Theorem: Zero Vector to Zero Vector

Every linear transformation \(T: V \to W\) always transforms the zero vector of \(V\) to the zero vector of \(W\):

\[ T(\mathbf{0}_V) = \mathbf{0}_W \]
Proof

TODO

Theorem: Subspace Preservation

Let \(f: V \to W\) be a linear transformation from the vector space \(V\) to the vector space \(W\).

If \(U\) is a subspace of \(V\), then \(f(U)\) is a subspace of \(W\).

If \(\tilde{U}\) is a subspace of \(W\), then its inverse image \(f^{-1}(\tilde{U})\) is a subspace of \(V\).

Proof

We need to prove two things:

Proof of (I):

Obviously, \(\mathbf{0}_W \in f(U)\), since \(f\) is linear.

Let \(\mathbf{w}_1, \mathbf{w}_2 \in f(U)\) and \(\mathbf{u}_1, \mathbf{u}_2 \in U\) be such that \(\mathbf{w}_1 = f(\mathbf{u}_1)\) and \(\mathbf{w}_2 = f(\mathbf{u}_2)\).
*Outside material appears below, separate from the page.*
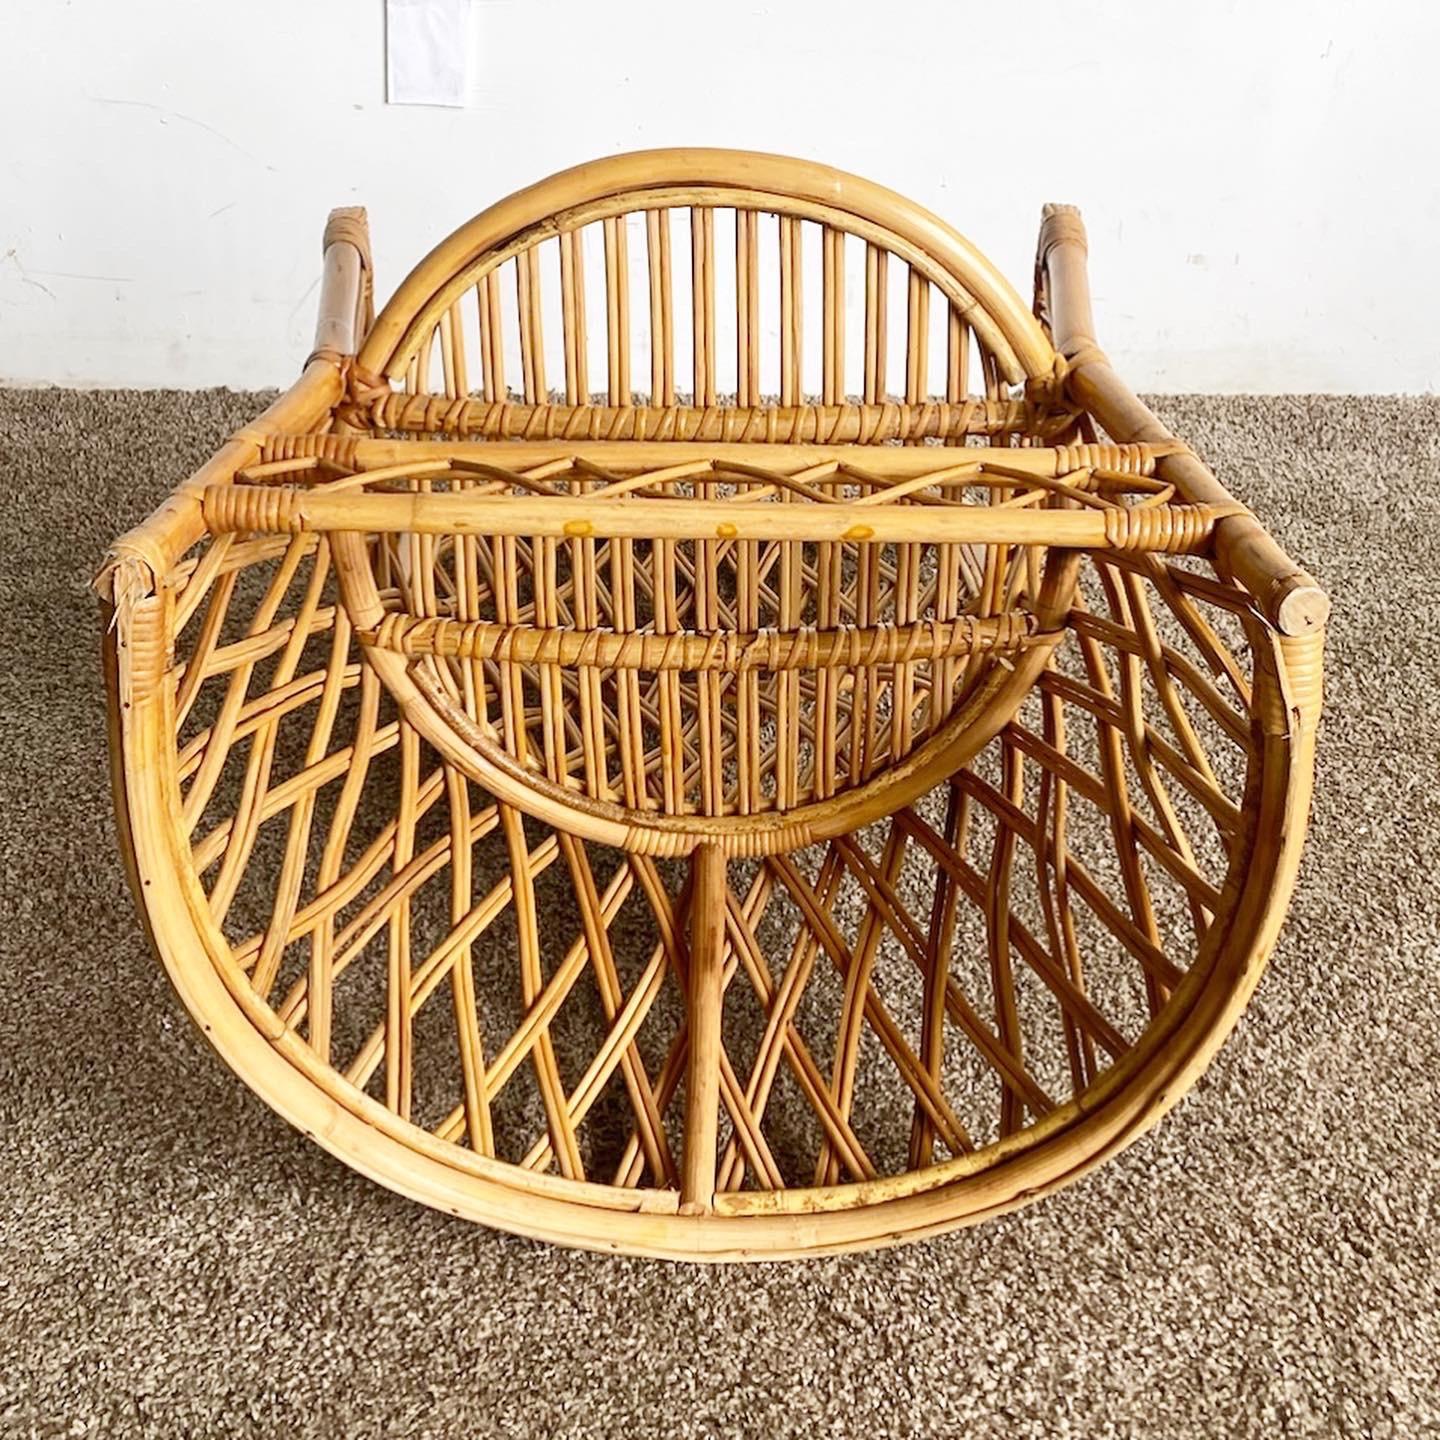 Philippine Boho Chic Bamboo Rattan Side Chair With Circular Brown Seat Cushion For Sale

Since \(\mathbf{u}_1 \in U\) and \(\mathbf{u}_2 \in U\), we know that \(\mathbf{u}_1 + \mathbf{u}_2 \in U\) and so \(f(\mathbf{u}_1 + \mathbf{u}_2) \in f(U)\). Since \(f\) is linear, we have

\[ f(\mathbf{u}_1 + \mathbf{u}_2) = f(\mathbf{u}_1) + f(\mathbf{u}_2) = \mathbf{w}_1 + \mathbf{w}_2 \in f(U). \]
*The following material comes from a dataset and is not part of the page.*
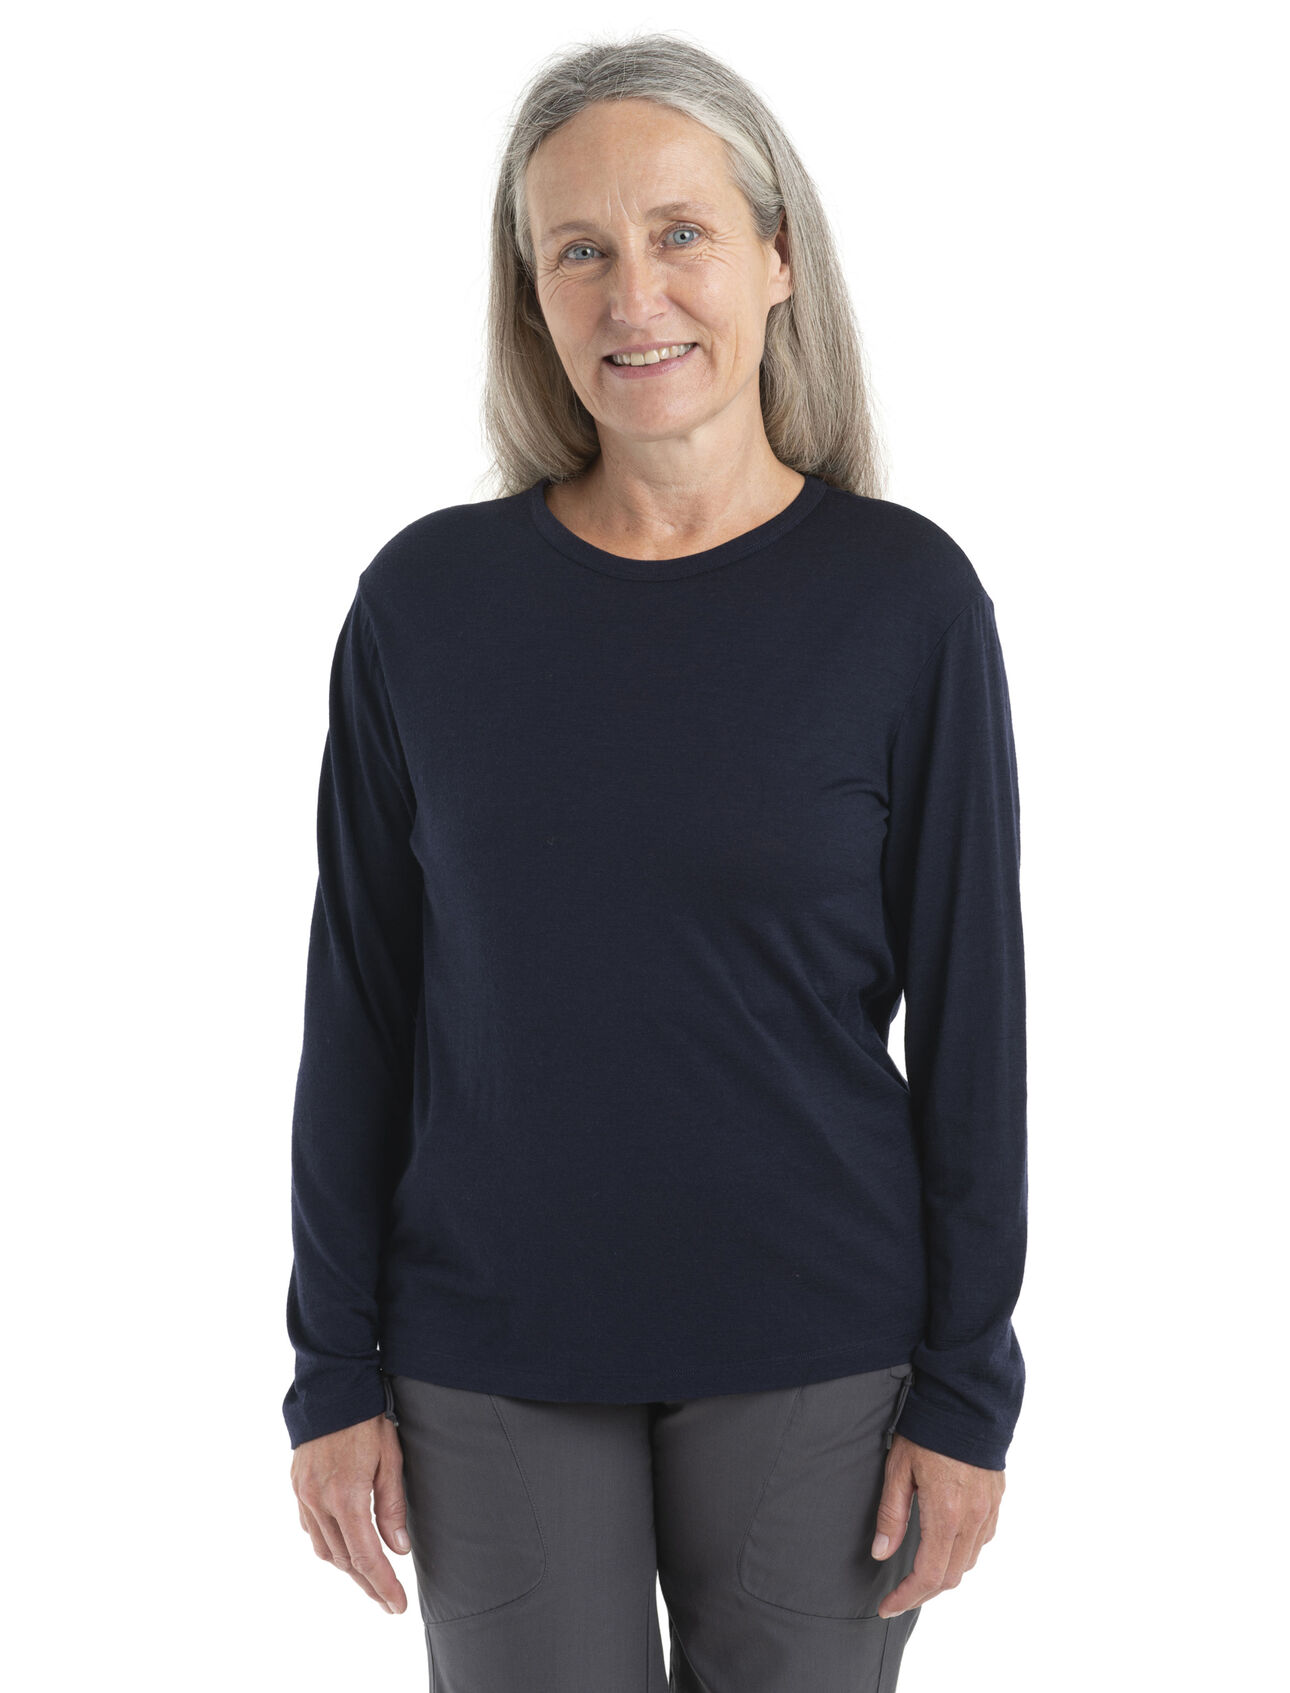 Womens Merino Granary Long Sleeve T-Shirt A classic tee with a relaxed fit and soft, breathable, 100% merino wool fabric, the Granary Long Sleeve Tee is all about everyday comfort and style.

Similarly, let \(\mathbf{w} \in f(U)\) and \(\mathbf{u} \in U\) be such that \(\mathbf{w} = f(\mathbf{u})\). Since \(U\) is a subspace, we know that \(\lambda \mathbf{u} \in U\) for all \(\lambda \in F\) and so \(f(\lambda \mathbf{u}) \in f(U)\). Since \(f\) is linear, we have

\[ f(\lambda \mathbf{u}) = \lambda f(\mathbf{u}) = \lambda \mathbf{w} \in f(U) \]

Proof of (II):

TODO

Example: Kernel is a Subspace

The kernel of a linear transformation \(f: V \to W\) is always a subspace of \(V\).

Definition: Nullity

The nullity of \(f\) is the dimension of its kernel:

\[ \dim \ker f \]

Example: Image is a Subspace

The image of a linear transformation \(f: V \to W\) is always a subspace of \(W\).

Definition: Rank

The rank of \(f\) is the dimension of its image:

\[ \mathop{\operatorname{Rank}} f \overset{\text{def}}{=} \dim f(V) \]
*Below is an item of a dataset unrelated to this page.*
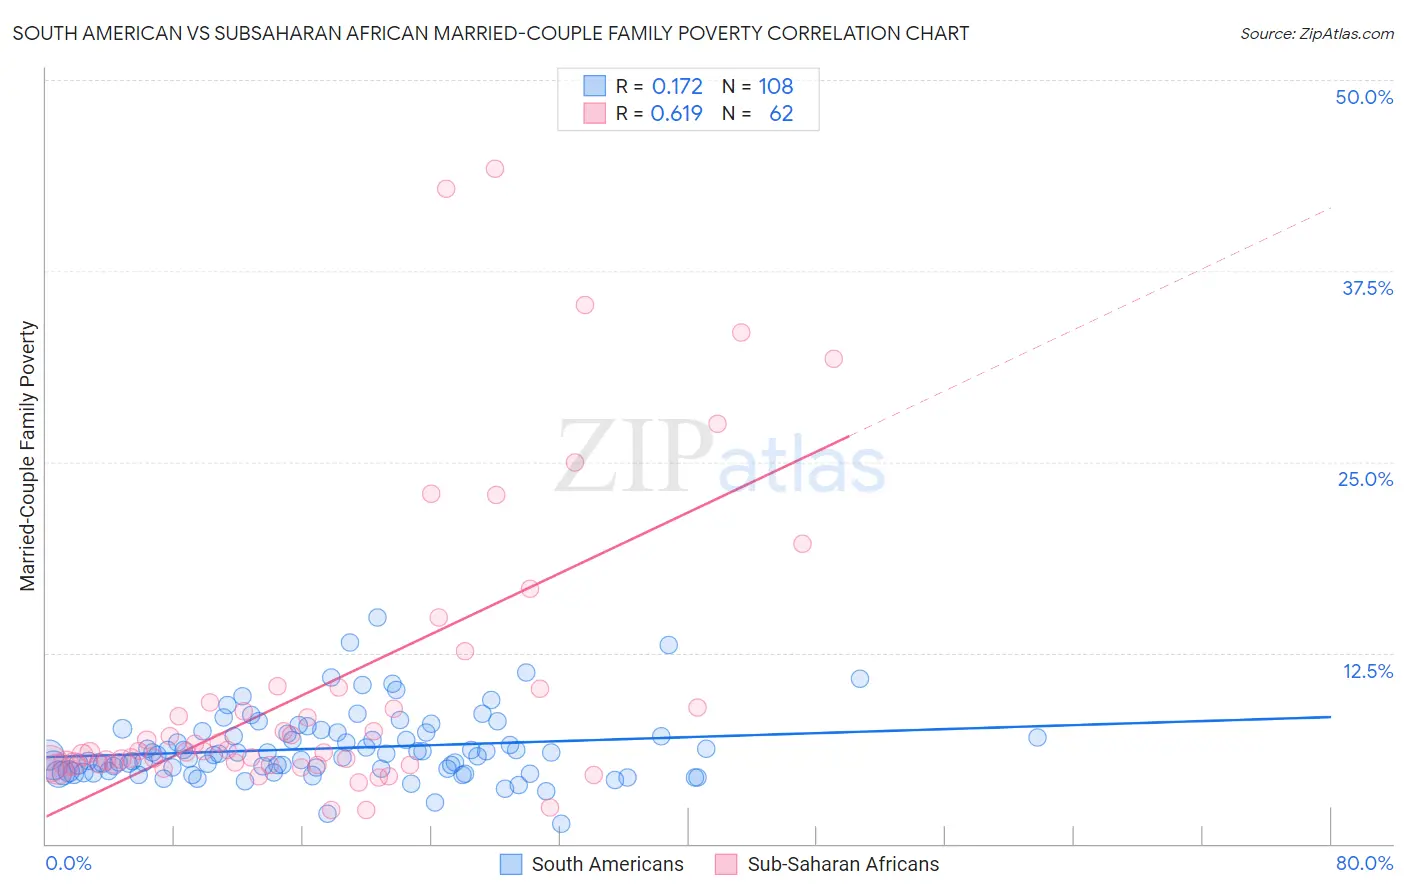 South American vs Subsaharan African Married-Couple Family Poverty

Theorem: Rank-Nullity Theorem

Let \(V\) and \(W\) be finite dimensional vector spaces and let \(f: V \to W\).

If \(f\) is linear, then the dimension of \(V\) is equal to the sum of \(f\)'s nullity and \(f\)'s rank:

\[ \dim V = \dim \ker f + \mathop{\operatorname{Rank}} f \]
Proof

Let \(\mathbf{v}_1,\dotsc,\mathbf{v}_k\) be a basis for \(\ker f\). We extend it to a basis \(\mathbf{v}_1,\dotsc,\mathbf{v}_k, \mathbf{v}_{k+1},\dotsc,\mathbf{v}_n\) for \(V\).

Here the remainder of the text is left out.